What is cyber security?

Cyber security is the means by which businesses can reduce the risk of becoming victims of cyber-attack. The importance of cyber security is ever increasing as organisations and individuals become increasingly reliant on the internet and digital devices. The corresponding threats, including cyber criminals, are becoming more adept in how they try and exploit this data.

Cyber security's core function is to protect the devices we all use (smartphones, laptops, tablets and computers), and the services we access - both online and at work - from theft or damage. It's also about preventing unauthorised access to the vast amounts of personal information we store on these devices, and online.

Therefore, the LME takes cyber security very seriously in order to prevent any compromise of the services we offer, and the data we hold. We have a number of technical controls in place, as well as controls we operate internally, and offer the following guidance to help end users support our objectives of minimising the risks to all users.

Cyber security threats to you

There are a number of ways malicious users often try and exploit data.

  • Malware, or malicious software is a term to describe any file or program that is intended to disrupt a computer. The multiple methods of delivering malware to a user, some of which are phishing attacks, social engineering and exploits.
  • Social engineering is used to deceive and manipulate victims in order to obtain information or gain access to their computer. This is achieved by tricking users into clicking malicious links or by physically gaining access to a computer through deception.
  • Phishing is a method of social engineering used to trick people into divulging sensitive or confidential information, often via email. It is not always easy to distinguish from genuine messages, these scams can inflict enormous damage on organisations.
  • Credential-based Attacks are based on the concept that individuals often use the same credentials across multiple websites and services. This means that compromised credentials on one platform can be re-used to try and gain access to other services.
  • Social Media is increasingly used to build relationships and can lead to exploitation in the event you interact with criminals impersonating friendly users.

Improve your security

In response to these methods of cyber-attack, there are multiple ways to make it harder for these individuals to compromise our services and your data.

  • Create complex passwords: A good way to create strong, memorable passwords is by using 3 random words. Do not use words that can be guessed (like your pet’s name). You can include numbers and symbols if you need to. For example, “RedPantsTree4! Avoid reusing the same password. Instead, use a password manager to store your passwords.
  • Enable two-factor authentication (2FA): Two-factor authentication (2FA) helps to stop hackers from getting into your accounts, even if they have your password. Some online banking uses 2FA automatically. It does this by asking for more information to prove your identity, such as a code that is sent to your phone.
  • Keep your devices up-to-date: Out-of-date software, apps, and operating systems contain weaknesses.

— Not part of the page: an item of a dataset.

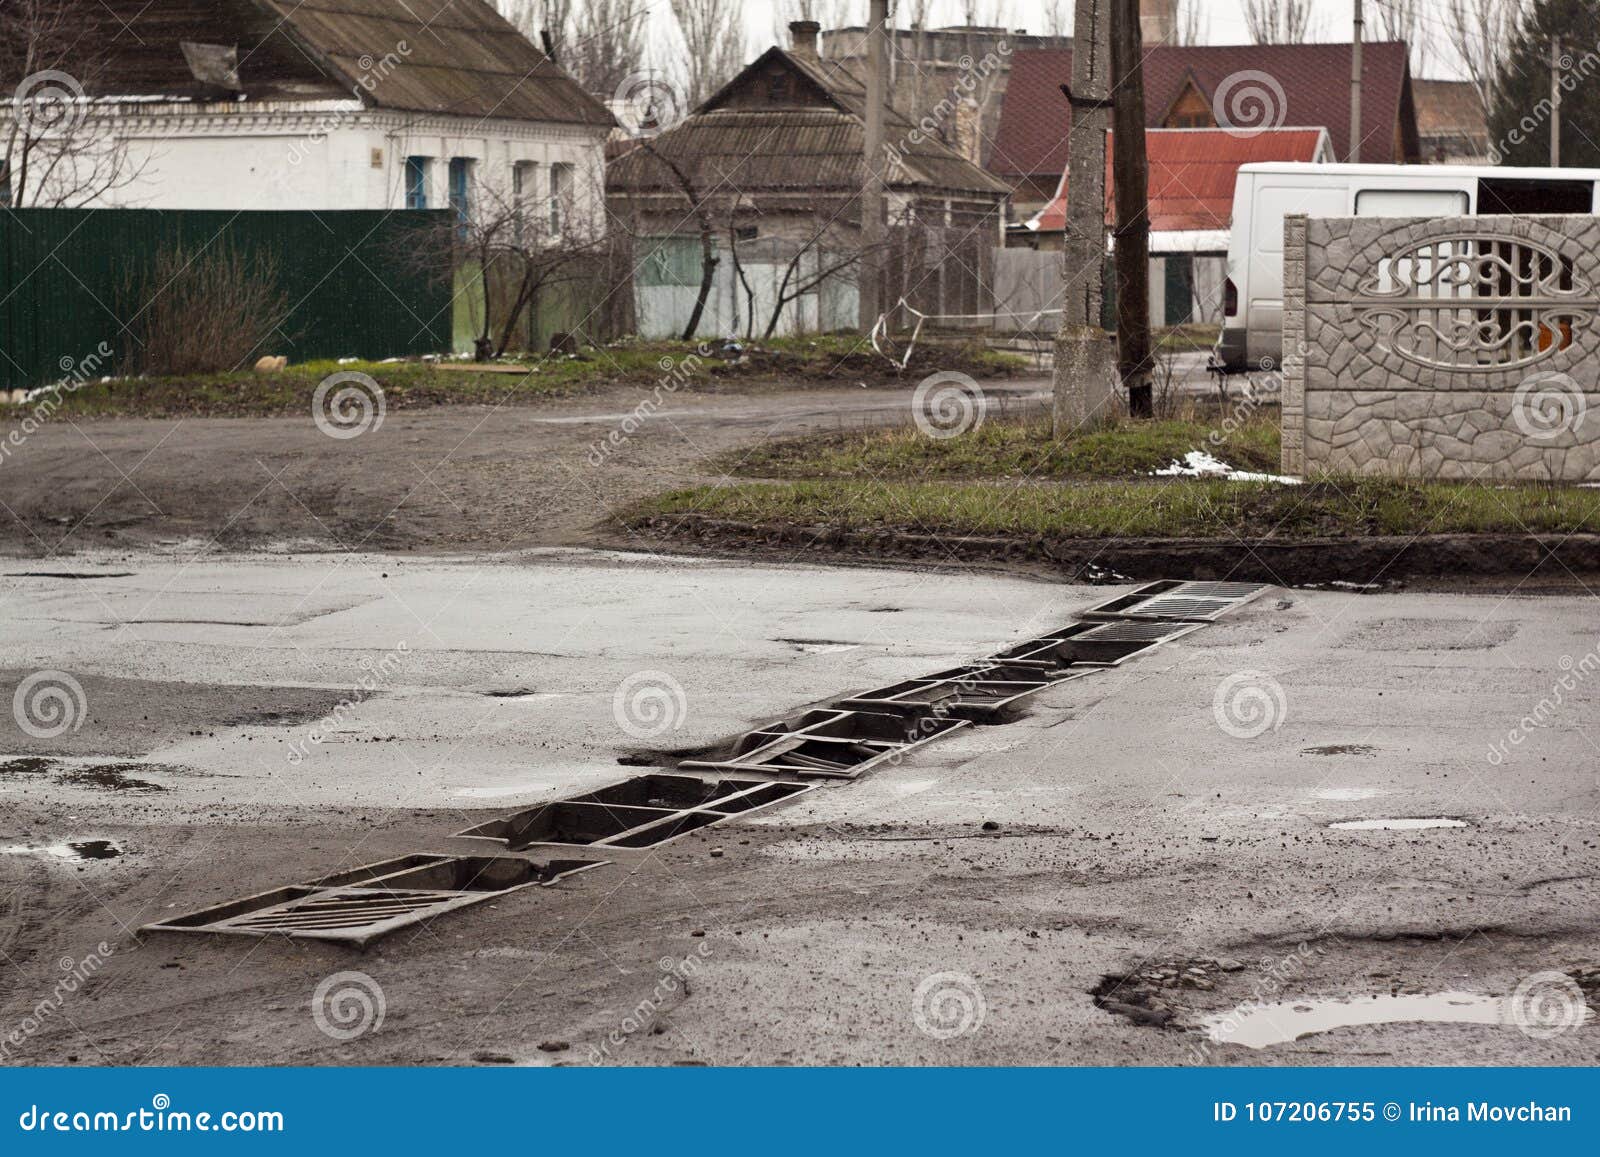 view of the roads in the city, the roads of eastern ukraine after the war, kramatorsk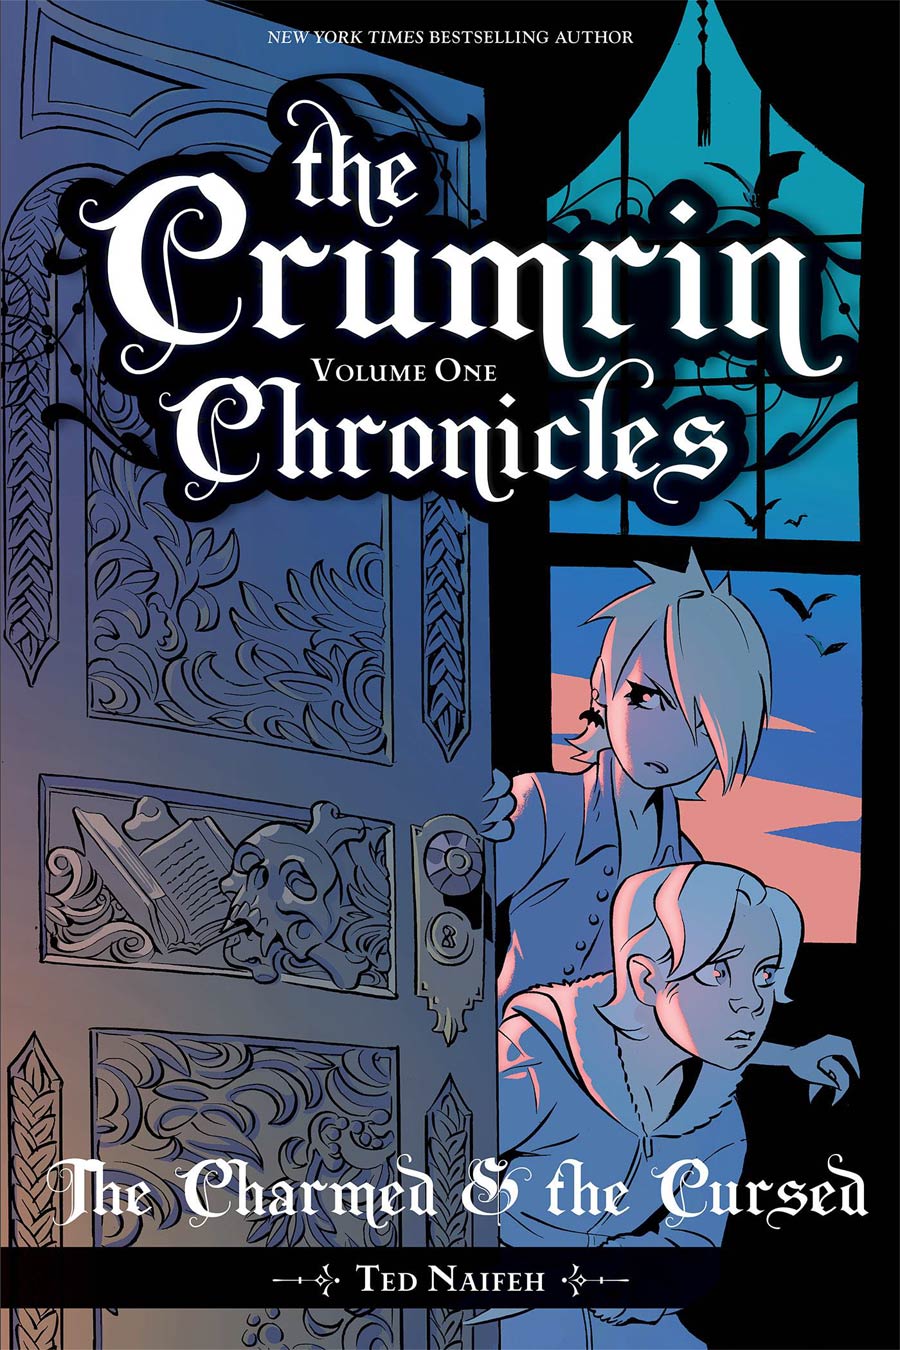 Crumrin Chronicles Vol 1 The Charmed And The Cursed TP

This makes them easier to hack. Companies fix the weaknesses by releasing updates. When you update your devices and software, this helps to keep hackers out. Turn on automatic updates for your devices and software that offer it. This will mean you do not have to remember each time. Do not ignore the update reminders on your devices.
  • Back up your data: Backing up means creating a copy of your information and saving it to another device or to cloud storage (online). Backing up regularly means you will always have a recent version of your information saved. This will help you recover quicker if your data is lost or stolen.
  • Email Awareness: In a typical phishing attack, scammers send fake emails to thousands of people, asking for sensitive information (such as bank details), or containing links to malicious websites. If unsure, do not click on any links or open attachments in the email. Always verify the sender/email if it is a suspicious looking email.
  • Utilise secure email protocols: there are a suite of tools available which can be used to verify the contents and attachments of emails in order to filter out any suspicious emails before they come into your inbox.
  • Keep social media accounts secure: Most reputable social media platforms have configurable settings to maintain the security of your account, which you should make sure are enabled. It’s also best not to share anything remotely sensitive on social media, even if it may get you more ‘likes’, and clear out anything historic which is no longer relevant and could be used against you.
  • Use secure Wi-fi: Public Wi-fi you can connect to in cafes, train stations, and airports are not secure, and can put any devices you connect with at risk. Use private Wi-fi where possible, but otherwise consider using Virtual Desktop Interfaces to protect your communication.